/ 7 October 2011

Comprehensively Indian

Comprehensively Indian

Pushpesh Pant, a kindly looking man with a white beard and large glasses, poses in front of a large map of India in the opening-page spread of Phaidon’s India Cookbook.

It is an attempt to give some kind of scale to the country, which stretches from the Himalayas in the north, where wheat and bread are eaten, to Kerala and Tamil Nadu in the south, where coconut is often used.

As Madhur Jaffrey, another famous Indian cook and writer, puts it, India is larger than Europe (excluding the Russian Federation) and encompasses at least five faiths and 1?500 languages and dialects.

Pant has identified 10 major culinary regions and says, although each area has its gastronomic traditions, these boundaries are blurred by shared techniques and tastes. Some of the regions cover a greater area than the India of today and include parts of Pakistan, Afghanistan and Bangladesh.

The British, to a limited extent, have also had a hand in shaping the region’s cuisine and Anglo-Indian recipes — kedgeree, for instance — are still cooked today.

The tome comes in a thin cotton cover and looks like a bag of basmati rice. Underneath the title it states “The only book on Indian food you’ll ever need” and, although this kind of self-promotional text is usually to be taken with a pinch of salt, in this case it’s true. I have tried only a fraction of the 1?000 recipes, but some of them have become firm favourites, such as the sweet and tangy yellow dhal.

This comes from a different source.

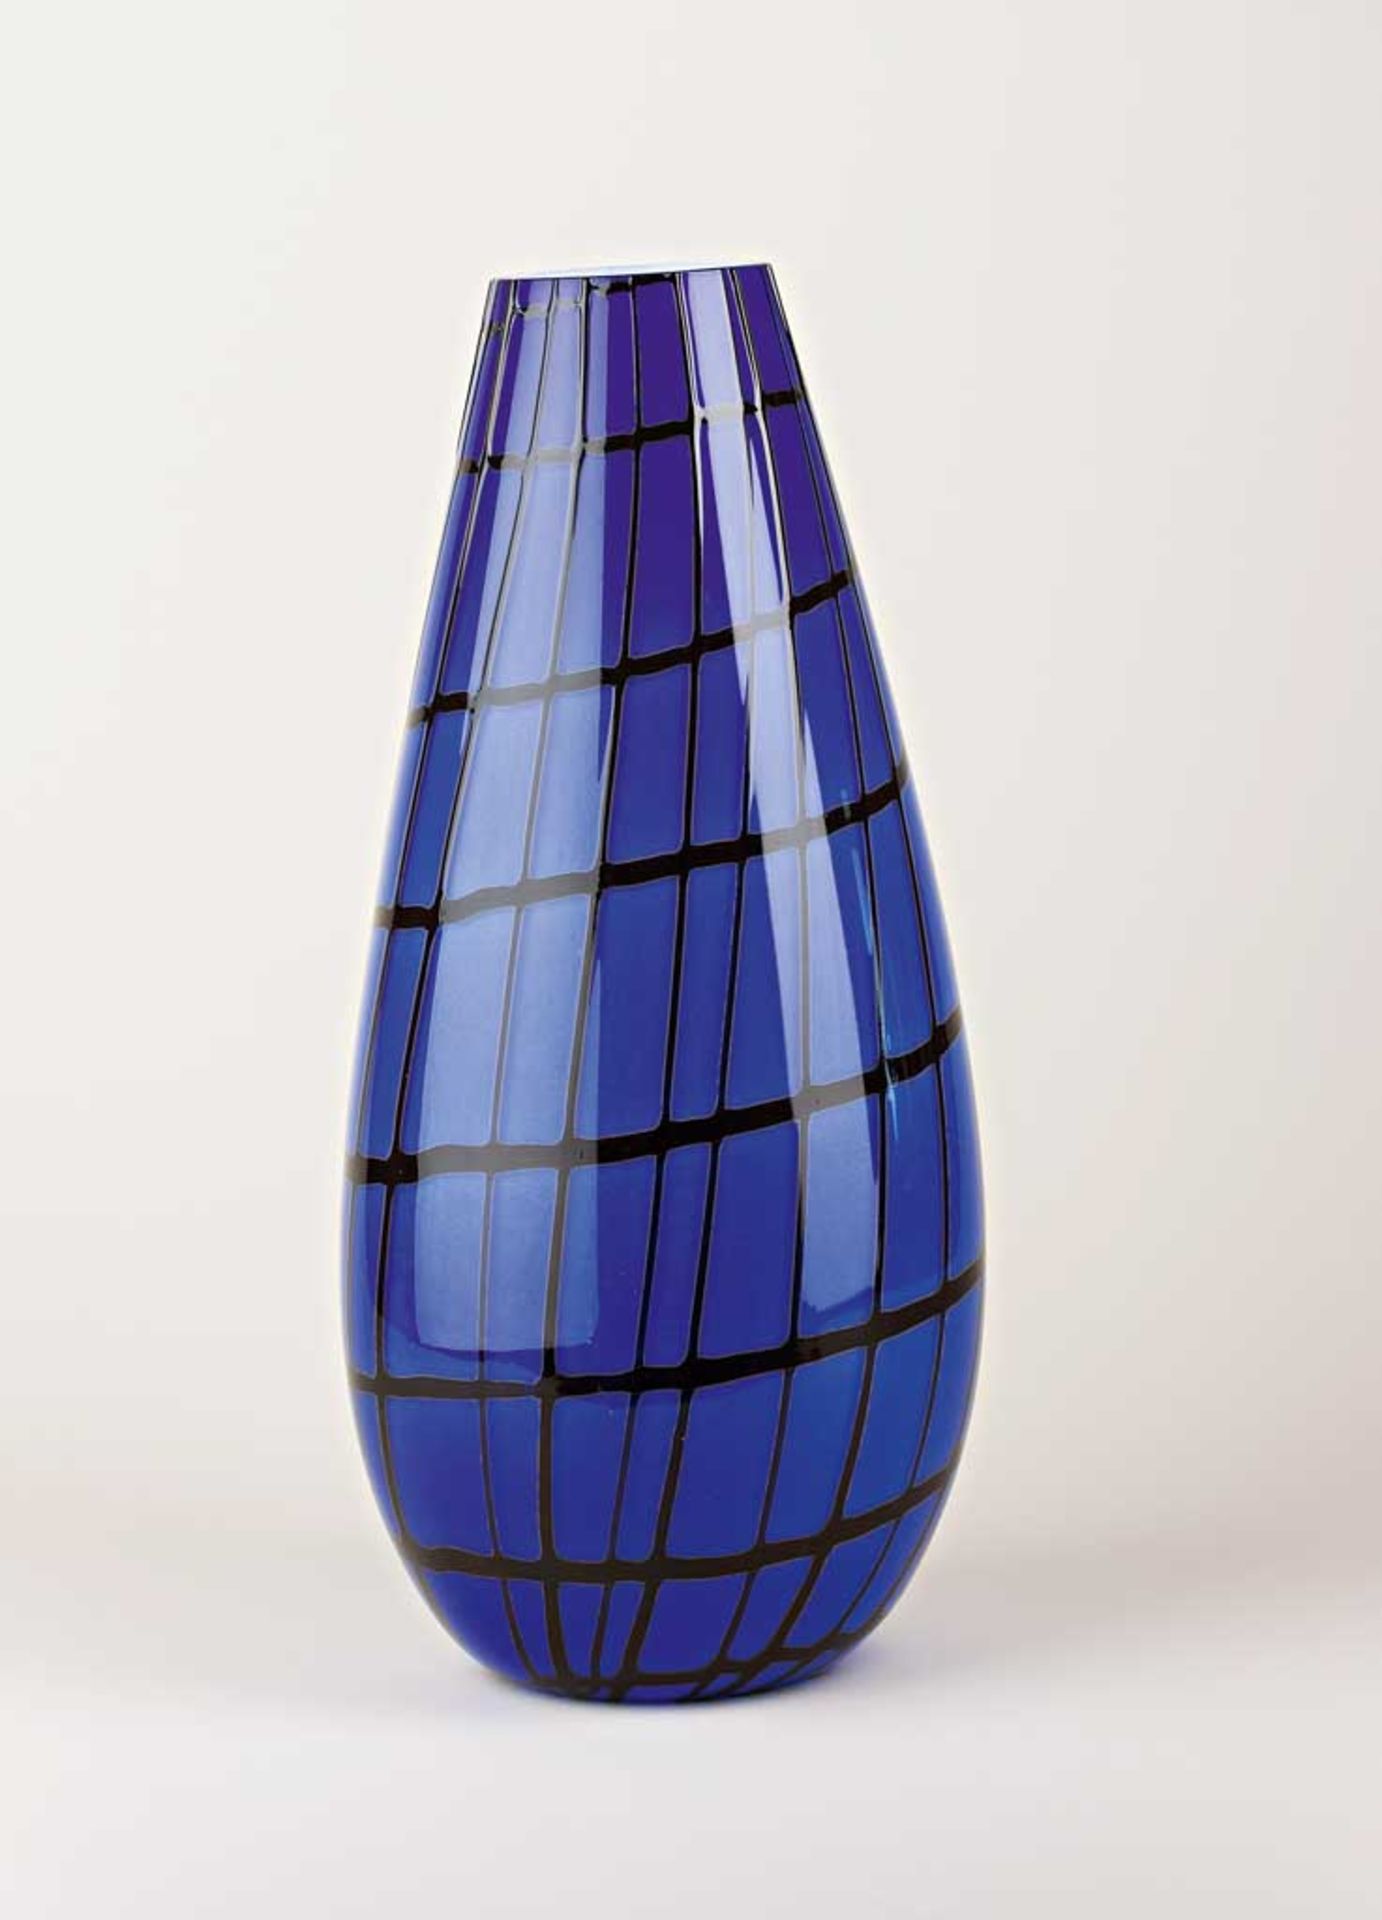 Große keulenförmige Vase. Blau mit schwarzer Aufschmelzung, innen weiß. Am Boden bez. Paolo

In the grand tradition of Indian cookbooks everything starts with garam masala, for which there are two recipes. One is fairly straightforward, with cumin, dhania, green and black cardamom, pepper and ginger; the other adds fennel, cloves, cinnamon, mace, a bay leaf, nutmeg and dried rose petals.

There are sections on pickles, chutneys and raitas, breads, pulses, main dishes and drinks, one of which is a sweet basil-seed sherbet. There is also a section for “guest chefs” — which Phaidon also did in The Silver Spoon, a book on Italian cuisine — and serves to show a wider repertoire of menus from other chefs.

I liked the simple yet sophisticated recipe from Anil Ashokan, who owns the highly regarded Qmin restaurant in Sydney, for lemon rice. After the basmati rice is cooked, fry mustard seeds, chillies, yellow dhal, curry leaves, turmeric, ginger and peanuts and then stir in the juice from a lemon or two. Pour this over the rice.